Zenia Barnard (Centre for Information and Knowledge Management, University of Johannesburg, Johannesburg, South Africa)
Chris Rensleigh (Centre for Information and Knowledge Management, University of Johannesburg, Johannesburg, South Africa)

The Electronic Library

ISSN: 0264-0473

Publication date: 8 August 2008



The core purpose of this study was to determine the extent to which web portal technology and online communities could be successfully applied by the alumni offices of higher education institutions in South Africa (using the University of Johannesburg as a case study) to create information‐sharing with and amongst its alumni affinity groups, in order to build and maintain valuable relationships, networks and partnerships.


This research project falls under Pasteur's quadrant of use‐inspired research. Using quantitative empirical research, a total number of 10,380 questionnaires was distributed to graduates of the University of Johannesburg at the Autumn graduation ceremonies in April 2006, thereby making it a self‐selecting, purposeful (purposive) and convenient sample.


Based on the literature study, the results of the empirical research and the case study, the final conclusion made from this research project is that an online community portal can enhance to a large extent the networking of alumni in the South African higher education sector. In addition, the research data collection instrument is transferable to a number of other higher education settings.

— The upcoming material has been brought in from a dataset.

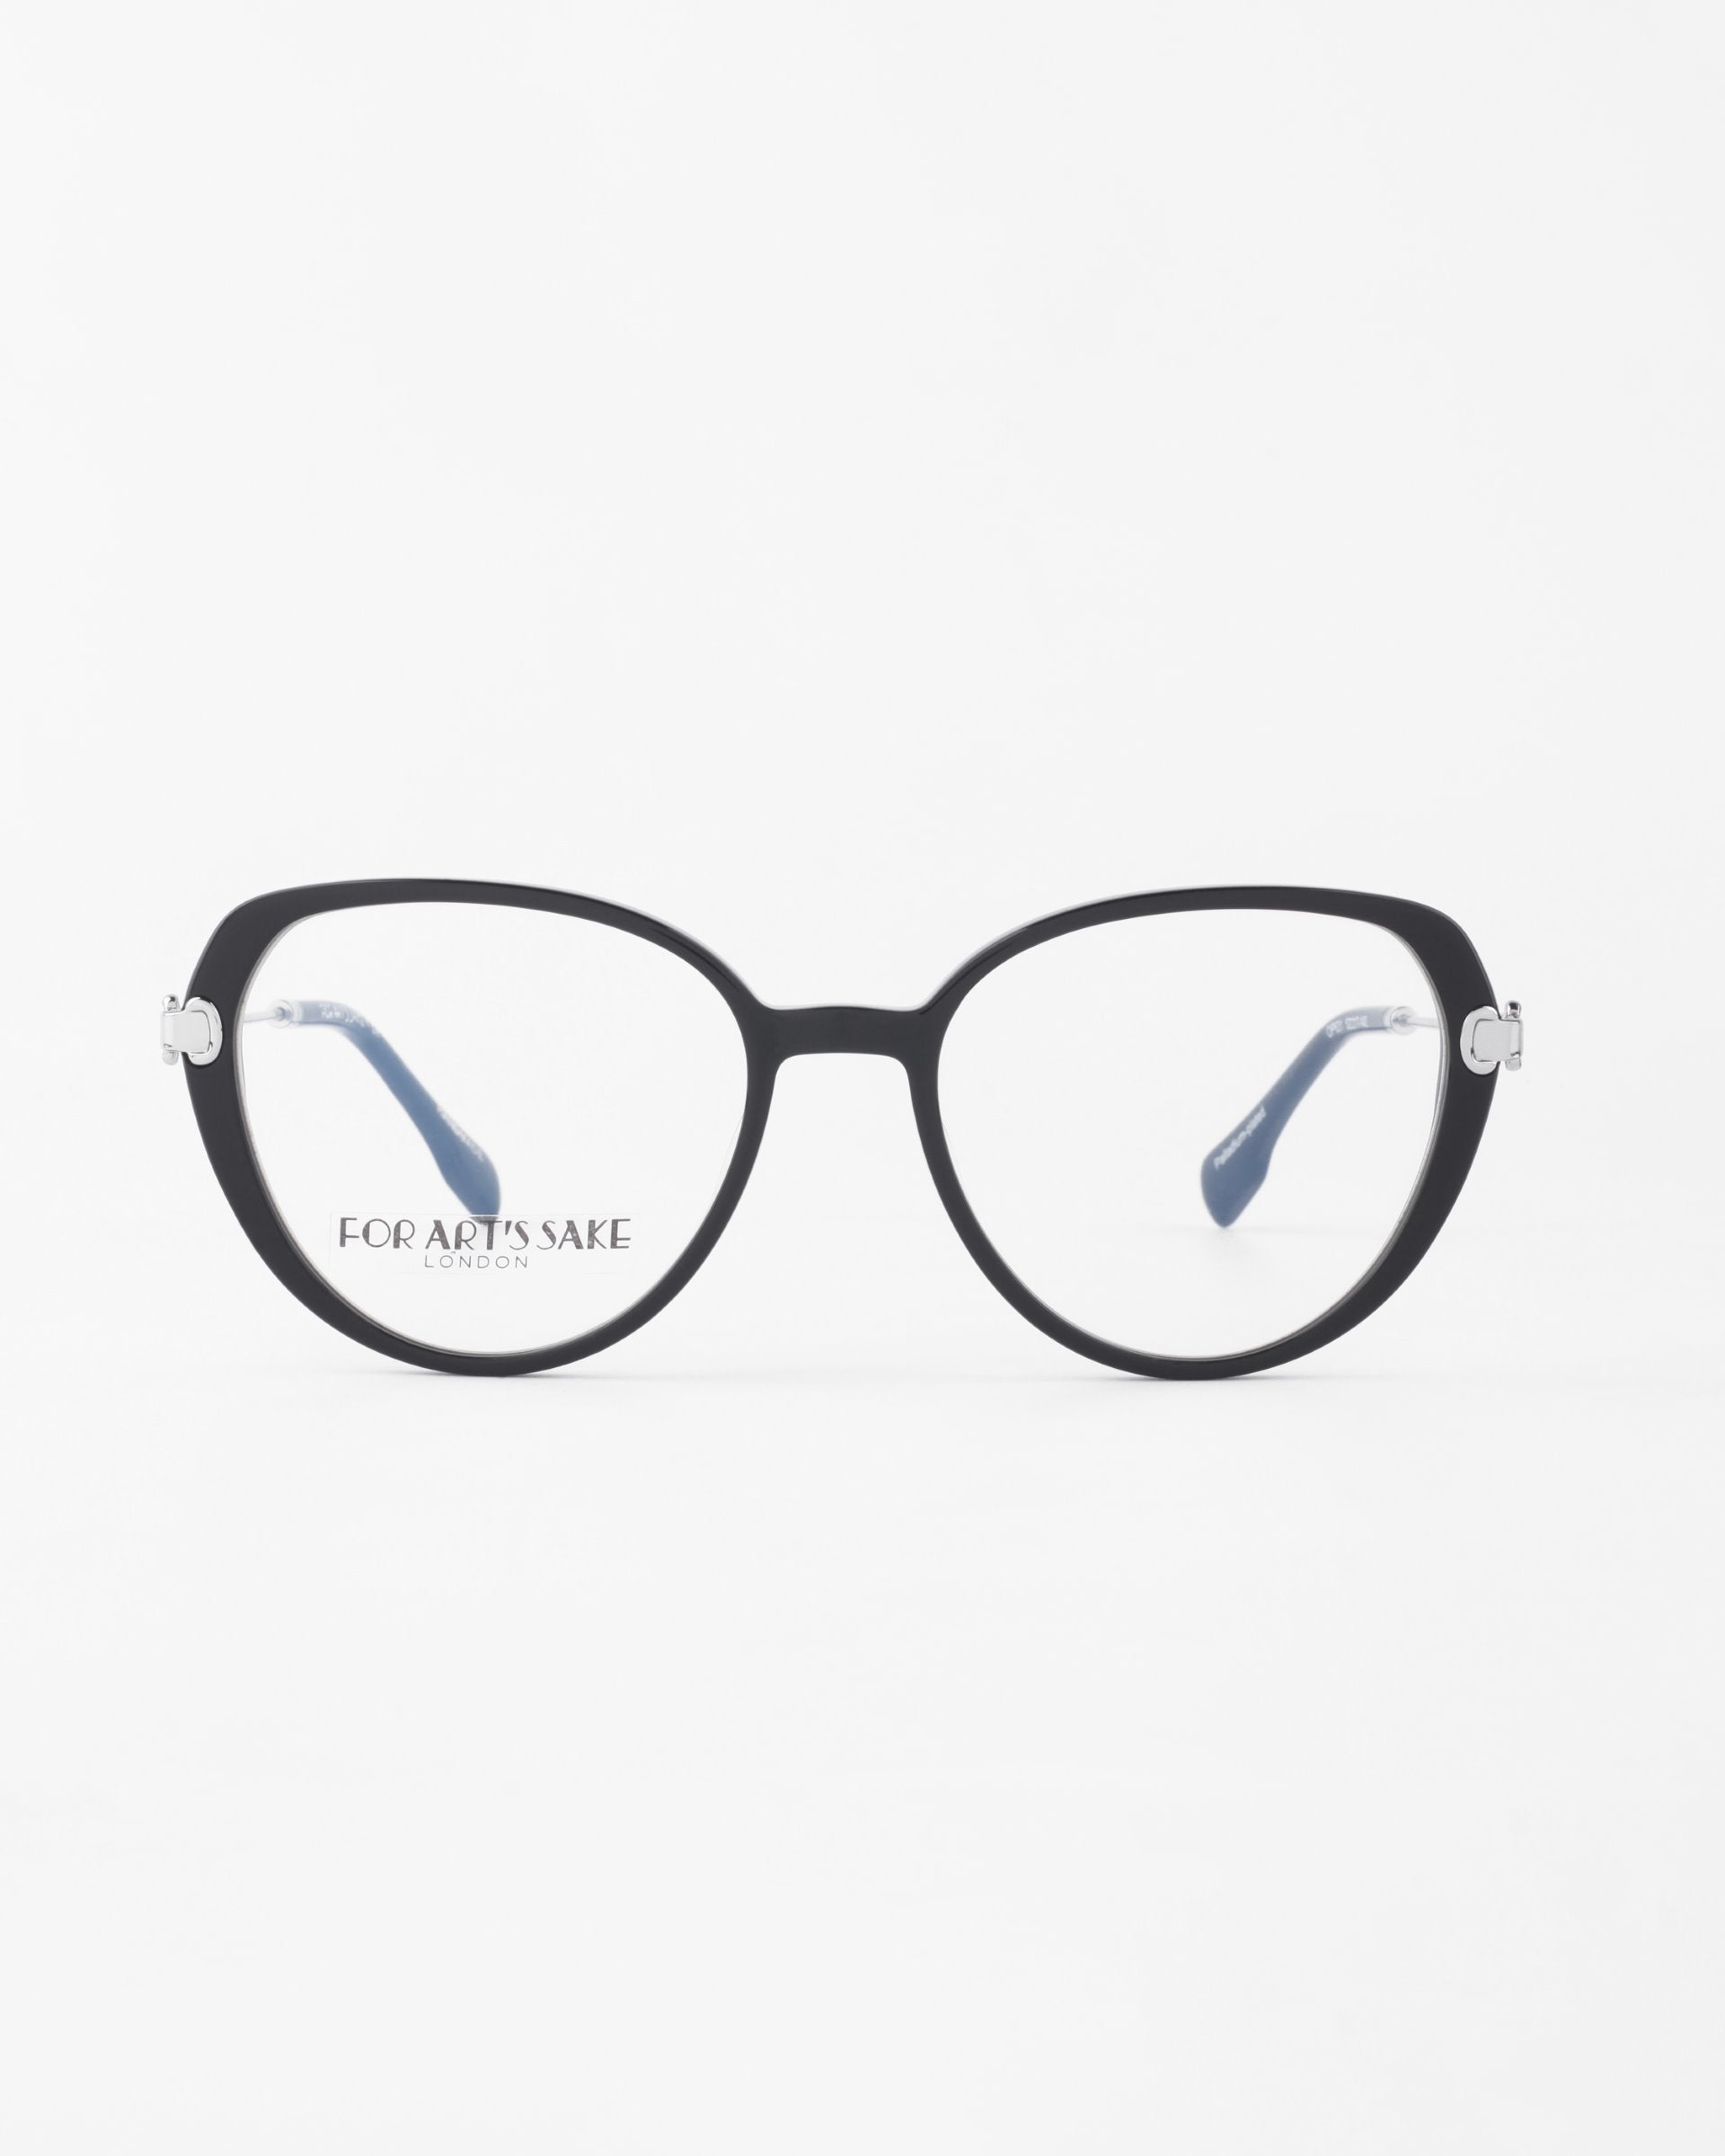 A pair of black-rimmed eyeglasses with a slightly rounded cat-eye shape, featuring the "For Art's Sake®" logo on the inside of the right lens. The frames have 18-karat gold-plated silver accents at the hinges, and the temples are navy blue with white tips. These eyeglasses are called Waterhouse by For Art's Sake®.

In particular, the user‐centric information resource questions provide useful insights into alumni information‐seeking behaviour and needs.

Research limitations/implications

Due to the University of Johannesburg Alumni being used as a case study for this research project, the research findings are tailored for implementation by this entity. However, the processes that were followed for this research project in terms of conducting a needs analysis with regard to the information needs of the alumni target audience and the types of questions that were posed could be guiding principles for other South African higher education sector (SAHES) institutions that want to develop such a tool for managing their alumni's information needs. In addition, the framework for the study predicts continuing alliances among academic services, placement services, library services, and fund development on higher education campuses.


The paper should prove useful to other academic institutions since it develops a helpful tool to assist in managing alumni networking behaviour, needs and resources.



Barnard, Z. and Rensleigh, C. (2008), "Investigating online community portals for enhanced alumni networking", The Electronic Library, Vol. 26 No. 4, pp. 433-445.